Выбрать главу
* * *

Ньютон родился в самый год кончины Галилея, достойный наместник вакантного места! Не родится ли и у нас тот, который в мире литературном заместит Галилея нашей словесности и истории?

* * *

В Journal des Debats 25 июня есть манифест государя о смертной казни в княжестве Финляндском. В переводе он очень не ясен. – Сыскать его в подлиннике.

Существо его в том, что смертная казнь, видимо, расточаемая уголовным уложением Финляндским, будет в случаях, не касающихся до преступлений государственных, оскорблений величества, применяема в ссылку в Сибирь на каторжные работы, но редакция очень многоречива и запутана.

Во французском переводе сказано: «un criminel du genre masculin». Что это за грамматический преступник? Опечатка ли это, вместо du sexe masculin, или просто глупость? Вообще у нас все официальные бумаги и акты худо переводятся, зато, правда, почти все и худо пишутся. Ссылка в Сибирь не нарушает ли прав финляндцев? В польской конституции именно отъемлется навсегда кара высылки, de l'exportation, и верно тут подразумевалась Сибирь. Если ссылка в Сибирь не нарушение политических прав Финляндского княжества, то к чему и манифест? И без него знают, что государь имеет право помилования и облегчения, если, впрочем, вечная каторга в Сибири похожа на облегчение? Может быть, это предисловие к последствиям Верховного суда и роль повещения, что государь не почитает себя вправе миловать тех, которых преступление «настолько серьезно, что могло бы нарушить спокойствие и безопасность государства, компрометировать общественный порядок, прочность трона и наносило бы оскорбление его величеству».

19 июля

Не знаю, справедлива ли догадка моя, изъявленная выше, по крайней мере 13-е число жестоко оправдало мое предчувствие! Для меня этот день ужаснее 14-го.

По совести нахожу, что казни и наказания несоразмерны преступлениям, из которых большая часть состояла только в одном умысле. Вижу в некоторых из приговоренных помышление о возможном цареубийстве, но истинно не вижу ни в одном твердого убеждения и решимости на совершение оного.

Одна совесть, одно всезрящее Провидение может наказывать за преступные мысли, но человеческому правосудию не должны быть доступны тайны сердца, хотя даже и оглашенные. Правительство должно обеспечить государственную безопасность от исполнения подобных покушений, но права его не идут далее.

Я защищаю жизнь против убийцы, уже поднявшего на меня нож, и защищаю ее, отъемля жизнь у противника, но если по одному сознанию намерений его спешу обеспечить свою жизнь от опасности еще только возможной, лишением жизни его самого, то выходит, что уже убийца настоящий не он, а я.
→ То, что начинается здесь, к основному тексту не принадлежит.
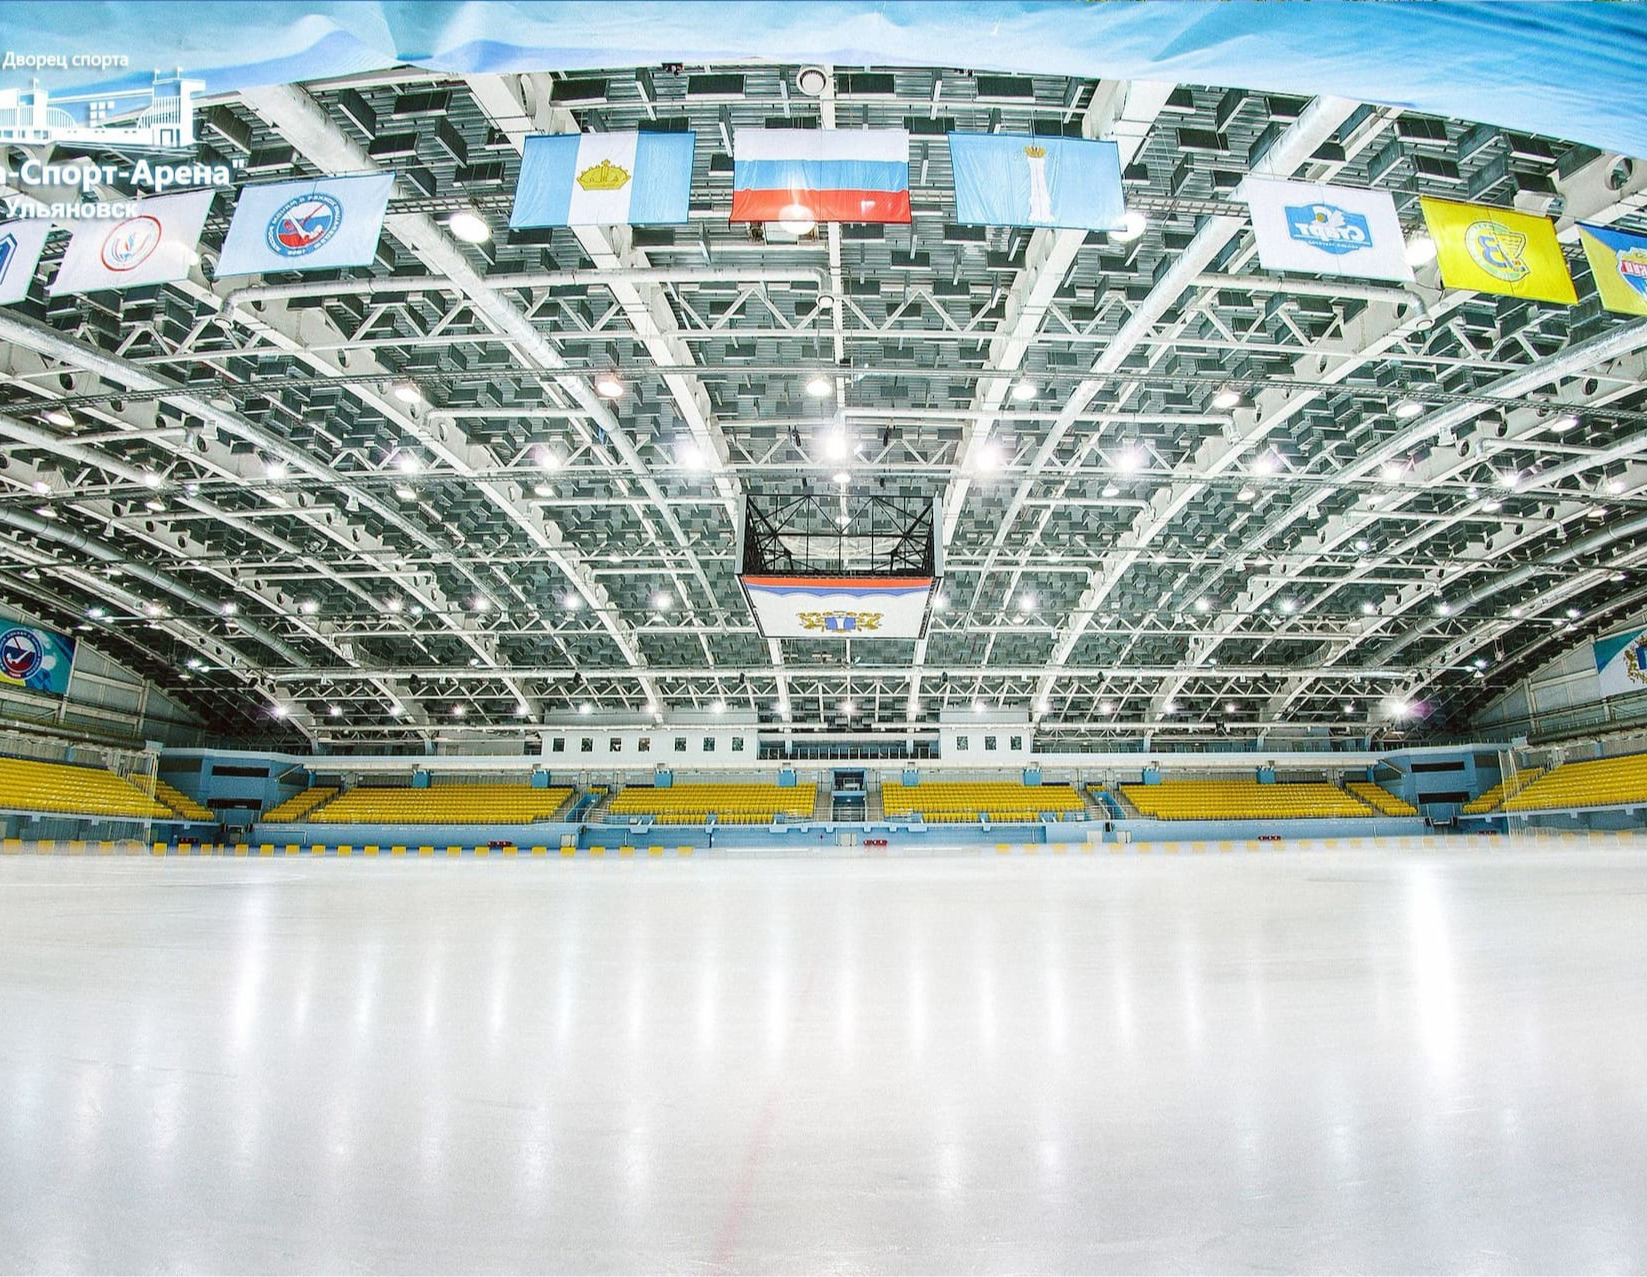 Волга-Спорт-Арена

Личная безопасность, – государственная безопасность, слова многозначительные, и потому не нужно придавать им смысл еще обширнейший и безграничный, а не то безопасность одного члена или целого общества будет опасностью каждого и всех.
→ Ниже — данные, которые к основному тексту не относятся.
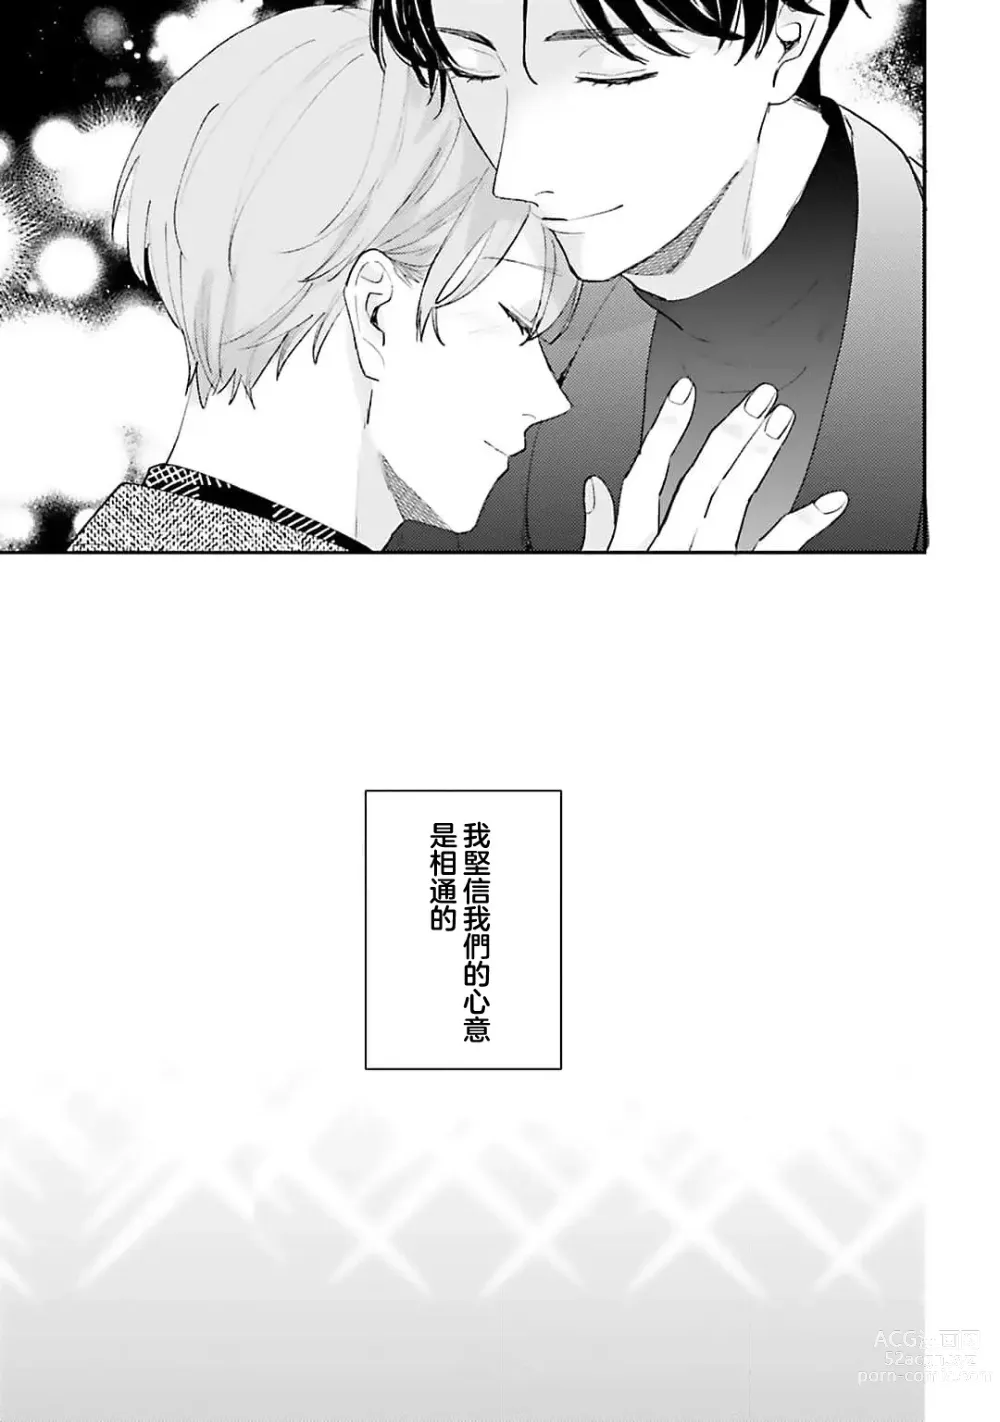 Page 151 of manga 绽放的恋爱皆为醉与甜1-5

Правительство имело право и обязанность очистить, по крайней мере на время, общество от врагов его настоящего устройства, и обширная Сибирь предлагала ему свои безопасные заточения. Других нужно было выслать за границу, и Европа, и Америка не устрашились бы наводнения наших революционистов. Не подобными им людьми совершается революция, не только в чужбине, но и дома.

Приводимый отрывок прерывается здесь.